Cisco tried to use artificial intelligence to write security incident reports – and things didn’t quite go as planned

Cisco warns AI-generated incident reports are often inaccurate, inconsistent and prone to data loss due to LLM limitations
The company advises detailed, single-task prompts, fixed source documents, and strict formatting rules to improve reliability
Cross-contamination between reports remains a challenge, with researchers recommending new sessions for each new incident report to avoid errors

Any enterprise looking to use AI tools for their security reporting might want to read a new report from Cisco detailing their experiences using AI-generated incident reporting.

The company has warned those using AI to create long-form technical content should expect “significant inaccuracies, unusual conclusions and inconsistent writing styles”, mostly due to the probabilistic nature of Large Language Models (LLM).

“These models generate output by predicting the next token, typically a word or subword, in a sequence, based on model weights and training data,” says Cisco, or, as The Register puts it, “they’re basically a fancy autocomplete system that makes educated guesses.”

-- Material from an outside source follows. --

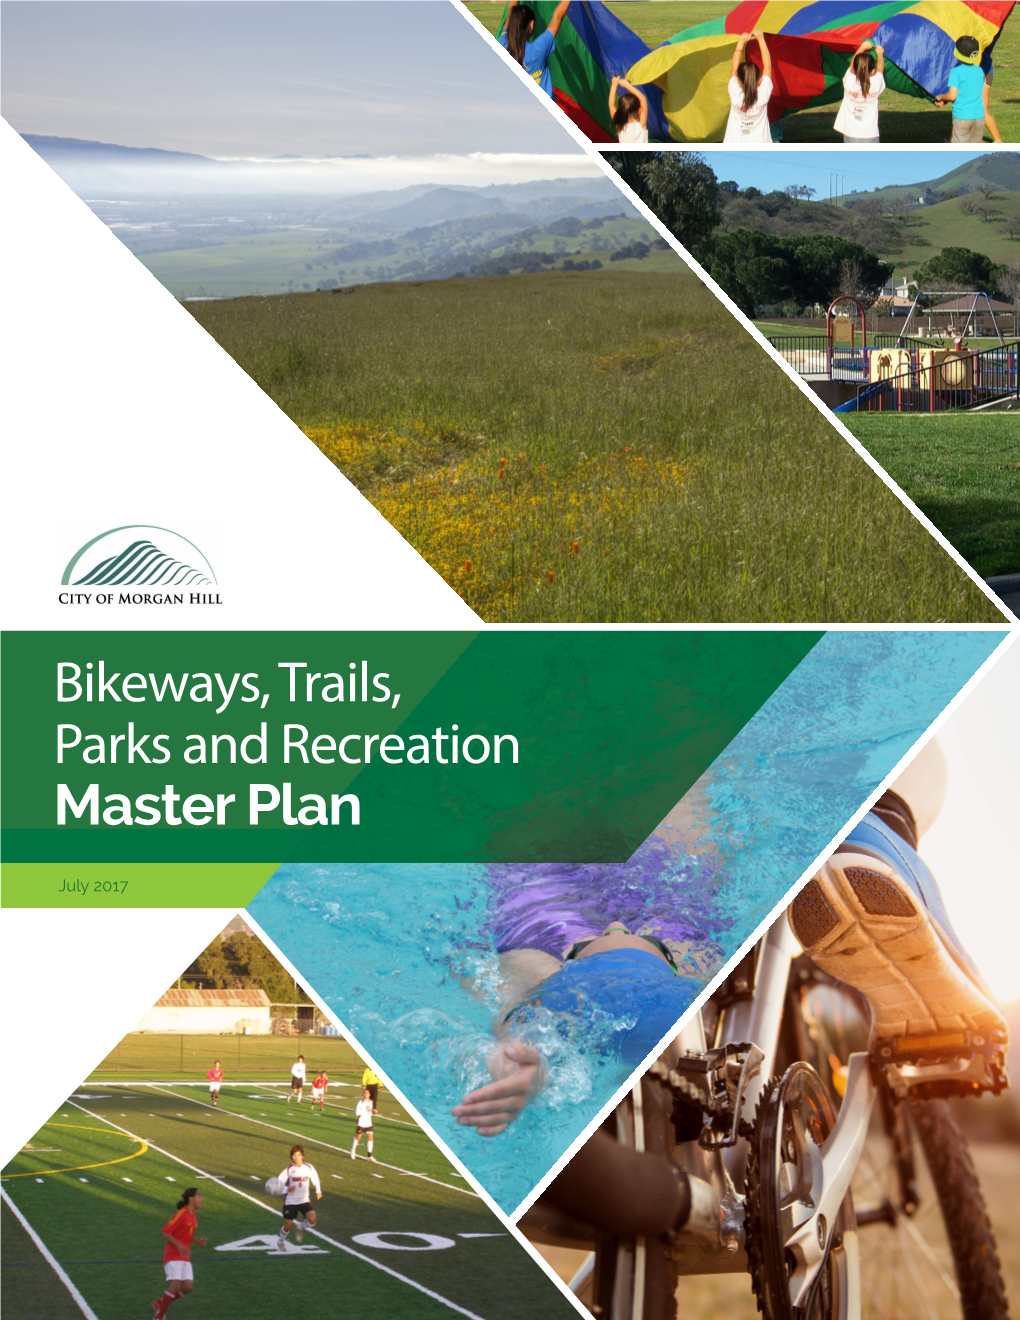 Bikeways, Trails, Parks and Recreation Master Plan

What works and what doesn’t

Since AI basically only predicts the next word, it creates four key problems, according to Cisco:

LLMs use different data for each new inquiry, making consistency and standardization a challenge
Even if the same data is shared, the result will always be slightly different
Each new document will have different structure and formatting, which is another standardization challenge
AI often discards valuable data, changing the outcome
This does not mean that artificial intelligence is useless for long-form technical reporting – quite the contrary. It can still save companies a lot of data, but the tool must be correctly set up and optimized.

Cisco says a good approach is to give the AI ”granular, single-task instructions focused on a specific, small part of the report”.

The company also said that AI should not be free to choose their sources for the report, but instead should have specific documents. Finally, the AI should have clear instructions regarding the formatting and style.

“A blind test of the sample report in our quality assurance process showed no noticeable drop in overall write quality,” Cisco said.

“The peer reviewer, professional editor, and management reviewer all made complimentary comments about the report while not realizing it was AI-generated. The peer reviewer commented that the incidence of typos and grammatical errors was far lower than in the average report.”

Cisco also discovered another challenge — when the AI is asked to edit multiple sample reports in a single session, content from one report’s source material becomes cross-contaminated with another, “even though the notes used to generate the first report were deleted from the project’s reference documents.”

To solve this problem, the researchers advised starting a new session and re-entering the instructions for each new incident report.